| About this exercise |
In the entries below, find the line with "Portwest Classic Rain wth Pack Away Seams" and the line with "209 Ocala Dr, Nashville, TN". Reproduce those two lines and every line between them exactly, and nothing more.

The records Start Marker

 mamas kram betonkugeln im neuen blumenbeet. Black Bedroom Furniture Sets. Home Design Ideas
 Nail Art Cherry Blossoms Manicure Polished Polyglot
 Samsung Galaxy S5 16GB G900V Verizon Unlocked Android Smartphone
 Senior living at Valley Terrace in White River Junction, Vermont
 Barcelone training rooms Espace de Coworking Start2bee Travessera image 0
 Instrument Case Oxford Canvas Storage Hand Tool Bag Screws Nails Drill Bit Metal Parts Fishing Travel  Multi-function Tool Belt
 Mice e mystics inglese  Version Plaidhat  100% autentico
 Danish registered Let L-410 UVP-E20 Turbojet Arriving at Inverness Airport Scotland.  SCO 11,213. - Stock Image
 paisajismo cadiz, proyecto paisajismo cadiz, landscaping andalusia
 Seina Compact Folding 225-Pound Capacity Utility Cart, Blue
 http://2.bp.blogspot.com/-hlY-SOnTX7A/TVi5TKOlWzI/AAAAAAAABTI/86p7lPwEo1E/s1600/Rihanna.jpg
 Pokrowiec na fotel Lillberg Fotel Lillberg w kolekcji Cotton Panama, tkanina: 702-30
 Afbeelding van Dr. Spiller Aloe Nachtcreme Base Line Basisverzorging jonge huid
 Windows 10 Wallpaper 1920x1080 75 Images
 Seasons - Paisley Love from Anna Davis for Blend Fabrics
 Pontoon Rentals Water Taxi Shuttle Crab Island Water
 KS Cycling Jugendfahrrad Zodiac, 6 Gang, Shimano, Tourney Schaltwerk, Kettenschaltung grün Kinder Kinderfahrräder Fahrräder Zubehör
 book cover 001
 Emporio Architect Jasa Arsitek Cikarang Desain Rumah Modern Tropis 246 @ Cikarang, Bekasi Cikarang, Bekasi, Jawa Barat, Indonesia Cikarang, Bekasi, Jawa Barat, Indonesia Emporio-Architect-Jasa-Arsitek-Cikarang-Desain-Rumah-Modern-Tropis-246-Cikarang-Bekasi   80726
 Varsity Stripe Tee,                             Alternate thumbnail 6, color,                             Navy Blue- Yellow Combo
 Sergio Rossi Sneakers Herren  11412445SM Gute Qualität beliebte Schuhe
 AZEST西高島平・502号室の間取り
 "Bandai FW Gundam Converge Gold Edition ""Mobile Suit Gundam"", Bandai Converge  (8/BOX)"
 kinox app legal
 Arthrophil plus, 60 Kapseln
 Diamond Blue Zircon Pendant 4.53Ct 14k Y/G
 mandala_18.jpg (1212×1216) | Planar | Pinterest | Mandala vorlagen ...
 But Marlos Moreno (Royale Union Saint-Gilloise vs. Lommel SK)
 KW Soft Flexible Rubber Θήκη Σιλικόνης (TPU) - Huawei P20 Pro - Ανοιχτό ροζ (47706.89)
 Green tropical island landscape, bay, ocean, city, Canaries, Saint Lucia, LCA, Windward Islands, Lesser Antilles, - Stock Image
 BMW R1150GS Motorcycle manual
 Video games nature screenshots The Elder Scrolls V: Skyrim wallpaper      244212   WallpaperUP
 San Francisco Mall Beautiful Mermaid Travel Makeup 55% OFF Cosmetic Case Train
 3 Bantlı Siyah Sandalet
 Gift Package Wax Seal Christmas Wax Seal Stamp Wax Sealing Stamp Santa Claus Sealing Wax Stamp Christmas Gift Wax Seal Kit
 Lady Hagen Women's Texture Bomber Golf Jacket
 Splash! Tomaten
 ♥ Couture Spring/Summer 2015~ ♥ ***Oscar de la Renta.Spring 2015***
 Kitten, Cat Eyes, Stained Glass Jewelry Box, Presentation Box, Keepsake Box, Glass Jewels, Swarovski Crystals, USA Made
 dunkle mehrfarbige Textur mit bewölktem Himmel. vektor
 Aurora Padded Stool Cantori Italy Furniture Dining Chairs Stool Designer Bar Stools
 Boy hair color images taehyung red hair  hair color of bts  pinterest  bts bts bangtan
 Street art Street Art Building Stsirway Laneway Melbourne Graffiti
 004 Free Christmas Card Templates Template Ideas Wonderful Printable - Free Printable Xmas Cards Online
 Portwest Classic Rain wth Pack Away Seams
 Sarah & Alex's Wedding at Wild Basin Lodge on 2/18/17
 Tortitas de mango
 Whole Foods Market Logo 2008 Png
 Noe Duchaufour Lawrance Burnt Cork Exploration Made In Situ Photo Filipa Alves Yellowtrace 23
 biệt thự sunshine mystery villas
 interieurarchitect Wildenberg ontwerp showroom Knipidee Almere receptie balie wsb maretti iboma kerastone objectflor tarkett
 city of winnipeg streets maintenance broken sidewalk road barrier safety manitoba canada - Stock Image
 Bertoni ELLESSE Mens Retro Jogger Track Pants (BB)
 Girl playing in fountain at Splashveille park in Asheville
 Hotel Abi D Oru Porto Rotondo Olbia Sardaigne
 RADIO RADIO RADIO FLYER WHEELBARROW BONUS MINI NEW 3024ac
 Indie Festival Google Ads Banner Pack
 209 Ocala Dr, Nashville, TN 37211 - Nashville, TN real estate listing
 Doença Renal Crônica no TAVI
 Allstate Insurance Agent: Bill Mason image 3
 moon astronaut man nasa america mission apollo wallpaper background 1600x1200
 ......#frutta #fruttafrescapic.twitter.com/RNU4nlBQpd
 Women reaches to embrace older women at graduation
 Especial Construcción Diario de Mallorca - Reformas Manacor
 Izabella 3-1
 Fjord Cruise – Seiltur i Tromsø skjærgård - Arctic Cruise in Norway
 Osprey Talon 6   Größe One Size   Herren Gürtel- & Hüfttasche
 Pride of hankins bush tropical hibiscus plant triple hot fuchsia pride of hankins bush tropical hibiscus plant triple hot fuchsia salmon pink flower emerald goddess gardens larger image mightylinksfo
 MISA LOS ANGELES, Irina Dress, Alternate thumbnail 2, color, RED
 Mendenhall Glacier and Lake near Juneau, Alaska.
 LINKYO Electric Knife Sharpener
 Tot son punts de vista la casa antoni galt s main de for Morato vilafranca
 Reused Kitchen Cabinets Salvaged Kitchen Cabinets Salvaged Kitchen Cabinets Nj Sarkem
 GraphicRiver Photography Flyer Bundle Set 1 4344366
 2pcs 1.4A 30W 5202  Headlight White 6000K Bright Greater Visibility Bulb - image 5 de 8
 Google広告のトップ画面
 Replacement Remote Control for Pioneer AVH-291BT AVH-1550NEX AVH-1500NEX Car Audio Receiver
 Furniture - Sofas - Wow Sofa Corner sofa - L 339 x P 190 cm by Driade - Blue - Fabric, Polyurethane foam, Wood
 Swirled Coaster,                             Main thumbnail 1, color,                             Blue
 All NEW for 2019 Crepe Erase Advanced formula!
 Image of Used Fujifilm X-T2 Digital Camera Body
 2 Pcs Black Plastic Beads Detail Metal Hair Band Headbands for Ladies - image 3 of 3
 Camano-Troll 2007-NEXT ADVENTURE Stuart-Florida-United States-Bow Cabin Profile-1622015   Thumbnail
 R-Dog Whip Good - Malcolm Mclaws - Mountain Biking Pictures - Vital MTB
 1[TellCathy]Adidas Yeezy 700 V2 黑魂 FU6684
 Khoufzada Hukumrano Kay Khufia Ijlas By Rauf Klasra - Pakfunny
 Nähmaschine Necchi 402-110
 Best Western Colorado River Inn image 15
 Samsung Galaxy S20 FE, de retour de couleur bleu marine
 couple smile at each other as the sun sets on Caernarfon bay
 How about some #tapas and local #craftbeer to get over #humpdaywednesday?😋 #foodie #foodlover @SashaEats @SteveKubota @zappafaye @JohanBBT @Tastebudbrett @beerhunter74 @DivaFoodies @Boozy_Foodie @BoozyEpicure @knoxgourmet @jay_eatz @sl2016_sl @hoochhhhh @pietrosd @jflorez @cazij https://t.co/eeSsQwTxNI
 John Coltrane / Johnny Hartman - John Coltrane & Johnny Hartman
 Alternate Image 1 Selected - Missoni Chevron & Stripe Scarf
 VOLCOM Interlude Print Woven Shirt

The records End Marker

| Response to this exercise |
 Portwest Classic Rain wth Pack Away Seams
 Sarah & Alex's Wedding at Wild Basin Lodge on 2/18/17
 Tortitas de mango
 Whole Foods Market Logo 2008 Png
 Noe Duchaufour Lawrance Burnt Cork Exploration Made In Situ Photo Filipa Alves Yellowtrace 23
 biệt thự sunshine mystery villas
 interieurarchitect Wildenberg ontwerp showroom Knipidee Almere receptie balie wsb maretti iboma kerastone objectflor tarkett
 city of winnipeg streets maintenance broken sidewalk road barrier safety manitoba canada - Stock Image
 Bertoni ELLESSE Mens Retro Jogger Track Pants (BB)
 Girl playing in fountain at Splashveille park in Asheville
 Hotel Abi D Oru Porto Rotondo Olbia Sardaigne
 RADIO RADIO RADIO FLYER WHEELBARROW BONUS MINI NEW 3024ac
 Indie Festival Google Ads Banner Pack
 209 Ocala Dr, Nashville, TN 37211 - Nashville, TN real estate listing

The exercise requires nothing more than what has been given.